Cazzullo...Cazzullo...alcune domande mi lasciano francamente esterefatta. Tentare di addossare al Papa cio' che e' accuduto e' profondamente ingiusto oltre che fuori dalla realta'.
Leggo la Sua domanda:

La Chiesa, se non Ratzinger, ha qualche responsabilità in tutto questo, per le divisioni che si sono aperte nella cultura e nella società italiane?

E questo giustifica il bavaglio che e' stato messo al Pontefice? La responsabilita' e' del Papa o di un gruppetto intollerante che ha impedito a Benedetto XVI di andare alla Sapienza?
Il Papa sara' oggi all'universita'? NO! Questo e' il punto!

Leggo anche:


Non è in questione il diritto della Chiesa a parlare, ma a determinare la politica, a influenzarla, a esercitare quella che i critici considerano un’ingerenza.

Mi dispiace ma e' in questione il diritto del Papa di recarsi alla Sapienza. Questo e' il punto!

Non teme che il suo appello ai fedeli affinché si rechino a San Pietro sia interpretato come una prova di forza?

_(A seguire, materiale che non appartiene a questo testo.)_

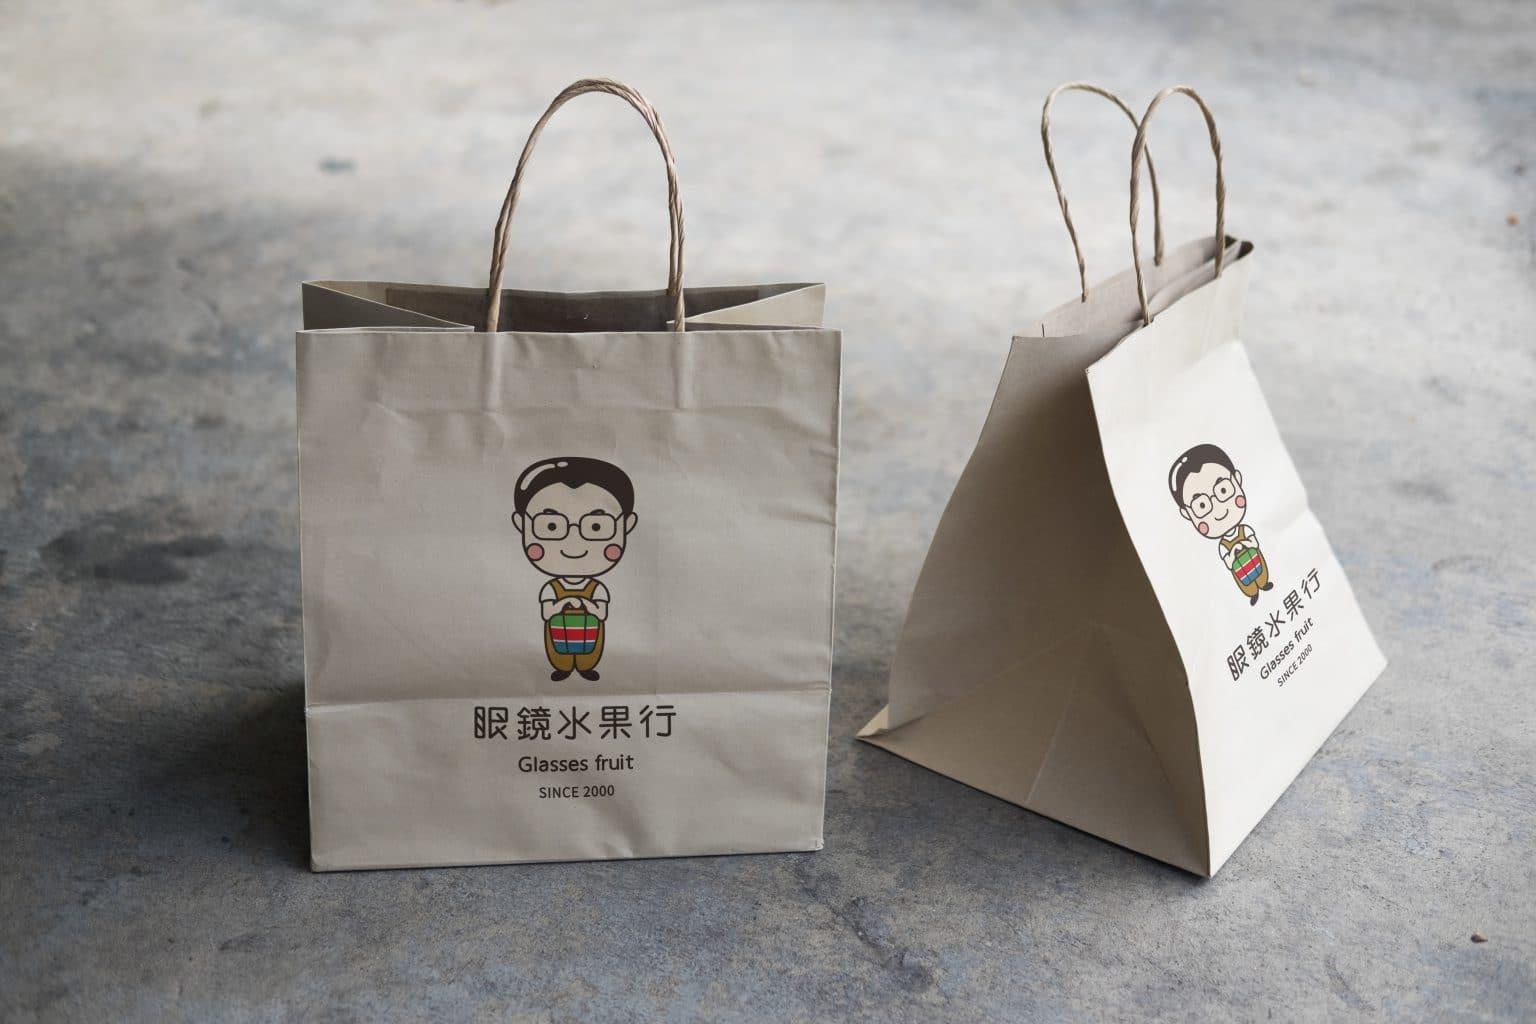 眼鏡水果行 LOGO設計 形象設計 品牌設計 商標設計

E' singolare che, dopo cio' che e' accaduto, si tenti di fare passare il messaggio di una prova di forza dei Cattolici...
La prova di forza c'e' stata e la responsabilita' e' lampante!
Che i politici (certi politici) abbiano aperto bocca solo quando era diventato evidente che il Papa non sarebbe andato alla Sapienza e' fuori di dubbio...
E allora via al teatrino delle dichiarazioni, delle interviste e delle vesti ipocritamente stracciate...
Si tratta di una questione politica che personalmente annotero' sul mio "taccuino elettorale" ma che NULLA ha a che vedere con il Papa o la Chiesa...
Quanto al solito confronto fra Papi, vorrei ricordare che anche Wojtyla fu molto contestato all'inizio del suo Pontificato e che solo negli ultimi anni ci fu una "tregua" un po' per la sua malattia un po' per il fatto che, purtroppo, l'impossibilita' di Giovanni Paolo II di parlare giustifico' l'indifferenza di molti di fronte al Magistero della Chiesa. Papa Benedetto parla a voce alta ed e' pericoloso perche' la sua parola poggia sulla fede e sulla ragione. Ecco perche' lo si e' obbligato a tacere (almeno alla Sapienza).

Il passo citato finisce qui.